Amazingly, Bradford, who has never won more than seven games in a single season and is 25-37-1 over five NFL seasons, will have earned over $100 million in his career by the end of the deal.
That’s a lot of green – and that is the problem.
When people see Sam Bradford, they don’t see Eagles green, they see money green. It is just very difficult to consider Bradford’s career without considering the amount of money he has pocketed to land somewhere in the middle of the pack when compared to his peers.
On a very objective basis, the Eagles made a solid decision to sign Bradford to a deal that covers them short term, and if it works out, even long term. It is only logical that first-year coach Doug Pederson wants the best opportunity to win in his first year and this should be an indication that he has a good deal of input into personnel decisions.
So, for those who were worried that Howie Roseman’s return to the front office was going to be a license to do as he pleases, this should calm some of those concerns. At least, on the surface it appears the coach has the ear of the GM. He might not be able to pull the GM by the ears to make the right decisions, but his voice is being heard.
With Bradford and a weak NFL East, the Eagles should go into the season with some hope of making the playoffs. It is hard to imagine that a fan base would be happier going into the season with a lesser quarterback and a zero chance at a playoff game.
The real problem here is that football fans are also regular-day employees, and it hurts to see a middle manager being paid over $100 million for a mediocre career.
Well, it’s the NFL and Bradford is a veteran quarterback. Try to forget the green money, and cheer for the green jersey.
It's difficult to find anything positive out of a domestic violence case, but at least we can look at the case of the Yankees’ Aroldis Chapman and feel relieved that he did not challenge the 30-game suspension levied by new commissioner Rob Manfred.
There were no charges filed against Chapman, then with the Cincinnati Reds, as the local Florida police department decided that conflicting accounts of the events and insufficient evidence made a conviction unlikely.
But a conviction is no longer required for the league to act, and act it did.
Chapman, who fired eight shots in his garage after allegedly choking and pushing his girlfriend into a wall, decided that it was his responsibility to accept the ruling when he commented:
“Today, I accepted a 30-game suspension from Major League Baseball resulting from my actions on October 30, 2015. I want to be clear; I did not in any way harm my girlfriend that evening. However, I should have exercised better judgment with respect to certain actions, and for that I am sorry. The decision to accept a suspension, as opposed to appealing one, was made after careful consideration. I made this decision in an effort to minimize the distractions that an appeal would cause the Yankees, my new teammates and most importantly, my family.
"I have learned from this matter, and I look forward to being part of the Yankees’ quest for a 28th World Series title. Out of respect for my teammates and my family, I will have no further comment."

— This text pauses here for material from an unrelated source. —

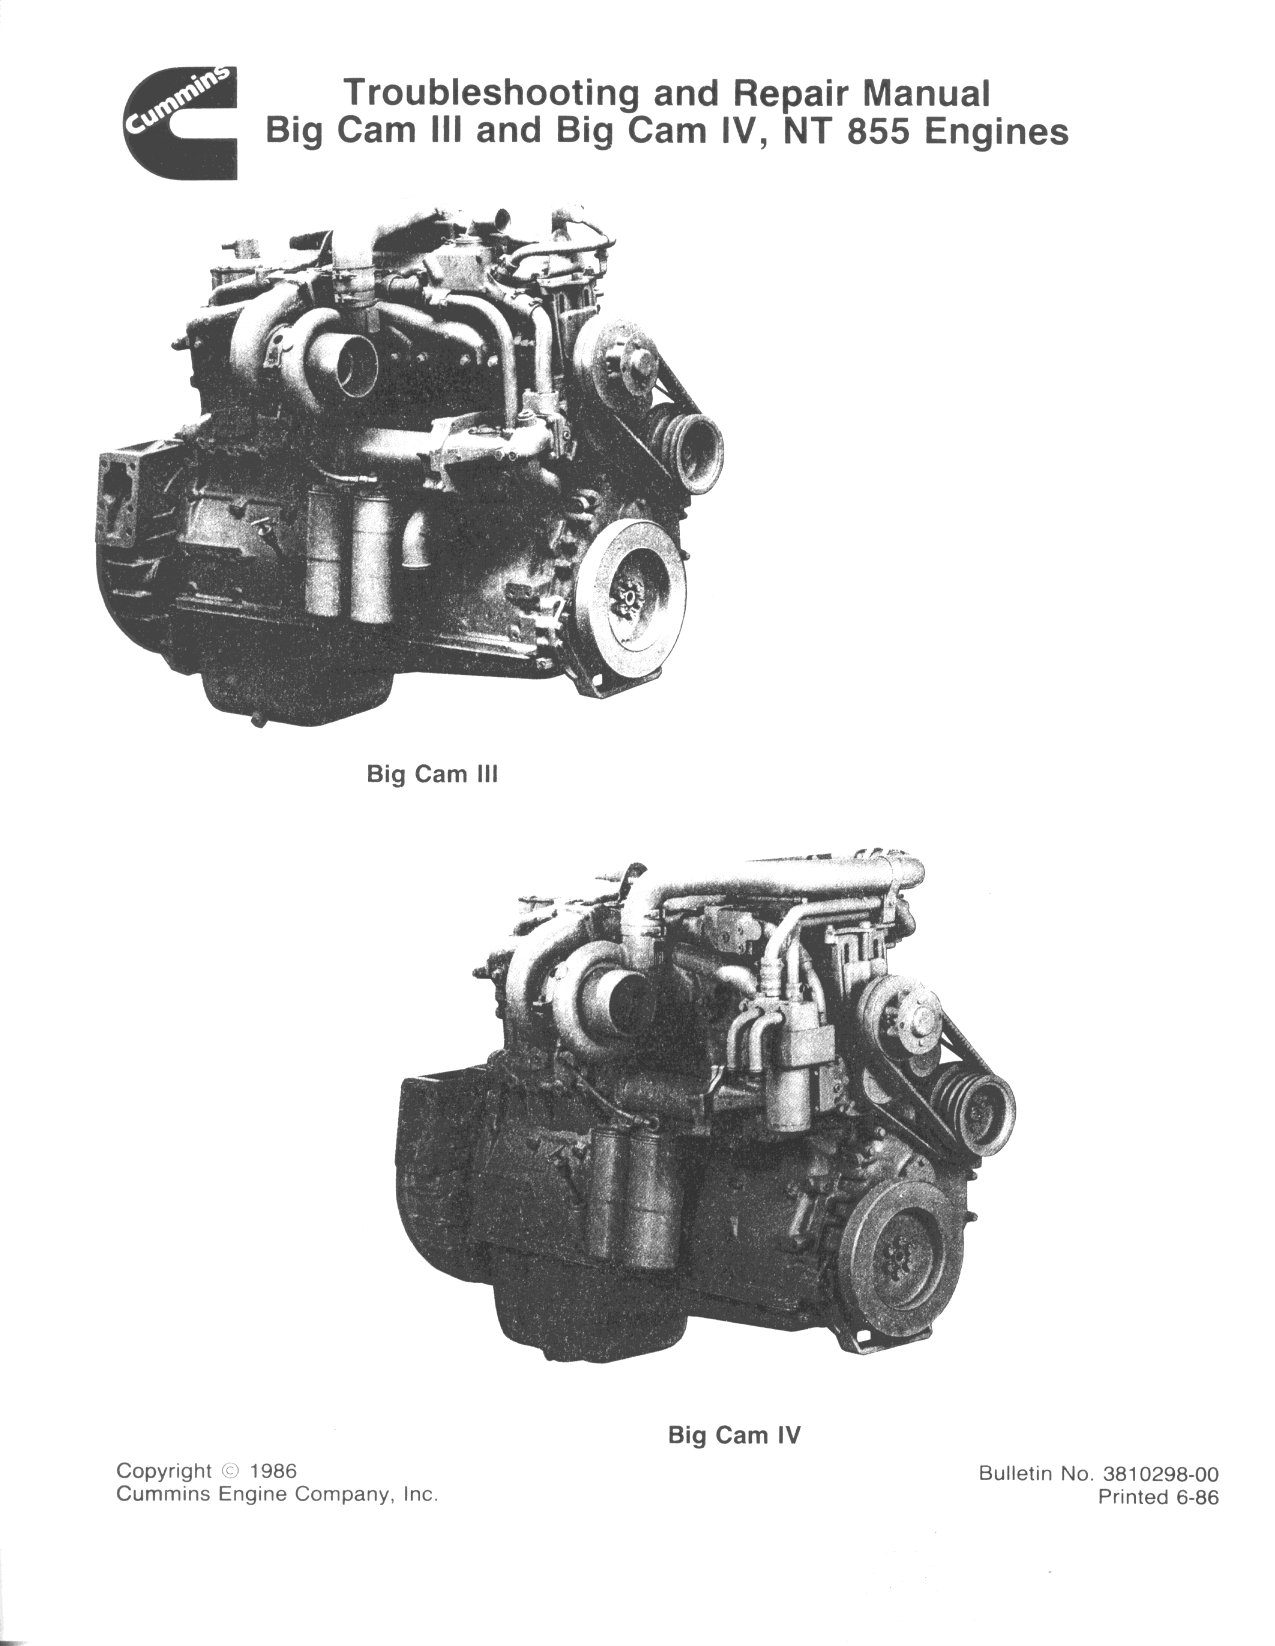 Cummins NT 855 engine Big Cam III & IV troubleshooting and repair manual Preview image 6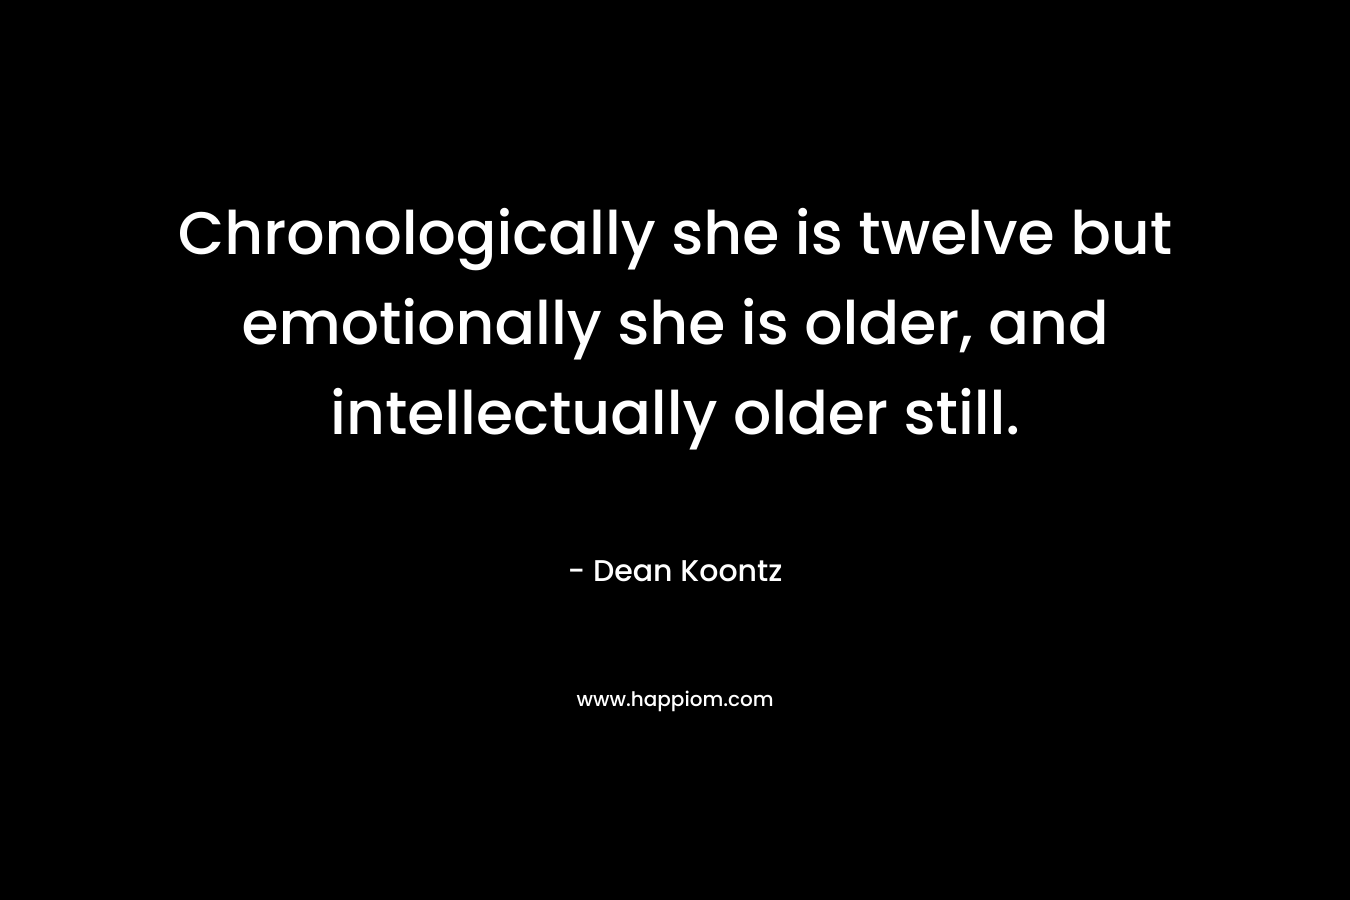 Chronologically she is twelve but emotionally she is older, and intellectually older still. – Dean Koontz

It’s still a while away, but the first of what could be three great games with huge playoff ramifications will take place Saturday night, March 19 when the Pittsburgh Penguins come to Philadelphia.
The Penguins, who hold a 3-point advantage over the Flyers for the final wild-card spot in the Eastern Conference, have a relatively difficult schedule down the stretch, including two games each against the conference-leading Capitals and the runner-up Rangers.
Things could get REALLY interesting in the season's final days when the Flyers travel to Pittsburgh on April 3 and then host the Penguins six days later.
For the NHL, things just don’t get much better than the Flyers and Penguins in late-season grudge matches.
And, in what could be a real twist, fans should remember that the Flyers game in Brooklyn against the Islanders this season was postponed by a snowstorm and rescheduled for April 10 – the day after the Flyers' season was set to end.
So the playoff hopes could go down to the wire – and then some.